Get-NetFirewallRule -DisplayName "Core Networking Diagnostics - ICMP Echo Request (ICMPv4-In)" | Select-Object DisplayName, Profile, Enabled
  1. This shows a brief status of both rules. Both versions should show True.

Output:

DisplayName                                                         Profile Enabled
-----------                                                         ------- -------
Core Networking Diagnostics - ICMP Echo Request (ICMPv4-In)          Domain   True
Core Networking Diagnostics - ICMP Echo Request (ICMPv4-In) Private, Public    True
  1. Now, let's test our ping. Switch over to your Windows 11 Client (client1).
  2. Open a Command Prompt window, and run the following command: ping srv2-ipaddress (Refer to Part 2, Step 3).
  3. Does it work?
  4. If it does, congratulations! You've just enabled ping for connectivity checking to srv2 and gone through your first foray into the PowerShell!

Part 3: Windows Client (client1) - Applying Firewall Rules

Finally, let's enable ping on our Windows Client machine.

  1. Login to client1.
  2. Click the Start button and type the following search: firewall
  3. Of the options that appear, select: Windows Defender Firewall with Advanced Security
  4. Just as in Part 2 with srv1, navigate to Inbound Rules.
  5. Click the Name header to sort by name.
  6. Find the following rules:
  7. Name: Core Networking Diagnostics - ICMP Echo Request (ICMPv4-In)
  8. Profiles: Private, Public and Domain
  9. Double-click it to open the rule's configuration settings.
  10. In the General tab, find and check the box next to Enabled.
  11. Click Apply, then OK.
  12. Open a Command Prompt window and run the following to get your client's IP address: ipconfig
  13. Switch to your Server Core (srv2) machine.
  14. In PowerShell, run the following command: ping client1-ipaddress (Where client1-ipaddress is the address from Step 10.)
  15. Example: ping 10.0.40.11
  16. Does it work?
  17. It if does, congratulations! You've just enabled ping for connectivity checking to client1 and have full connectivity checking for your entire environment! This will become very handy in Labs 3-4.

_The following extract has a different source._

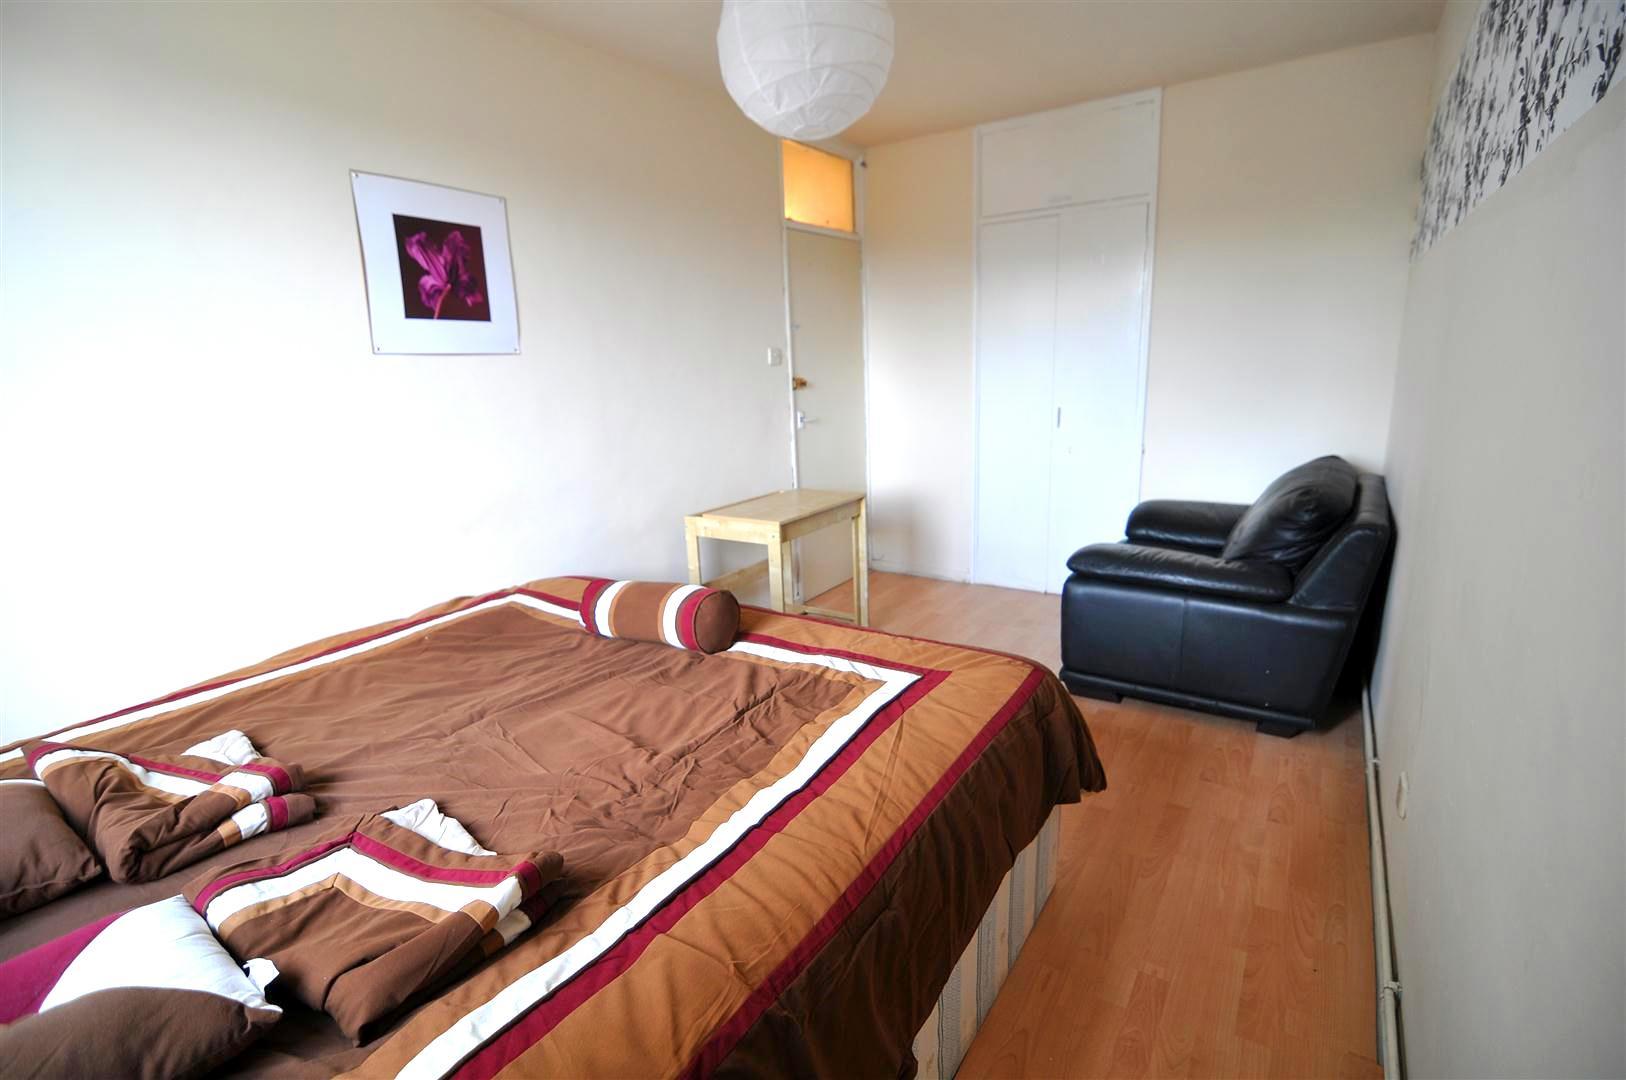 Habitaciones individuales y dobles en alquiler en el este for Alquiler de habitaciones individuales

Investigation 2: Remote Management - Windows Server GUI (srv1)

While you have direct access to all three VMs from VMware, these days most machines are remote. This means you typically do not have direct, physical access to the servers.

Even if you do, having remote access to allow you to manage your servers from the comfort of your office (or home!) instead of walking to each physical machine is far better.

In this investigation, we'll set up remote access to our Windows Server GUI (srv1) so we can connect to it using your Windows 11 Client VM.

Part 1: Enabling Remote Desktop Connections

In this part, we'll turn on Remote Desktop (RDP) on the server. This will allow you to remotely connect to srv1 from your Windows 11 Client.

  1. In the Server Manager application, navigate to Local Server.
  2. In the main Properties window, find the line entry for: Remote Desktop
  3. Click the link next to it: Disabled
  4. In the new System Properties window, you should automatically be on the Remote tab.
  5. Look down to the section on Remote Desktop.
  6. Toggle the option for: Allow remote connections to this computer
  7. Ensure the checkbox next to this is on: Allow connections only from computers running Remote Desktop with Network Level Authentication (recommended)
  8. Click Apply, then OK.

Part 2: Adding your RDP Firewall Rules

In this part, we'll add a firewall rule to allow the connection over the local network.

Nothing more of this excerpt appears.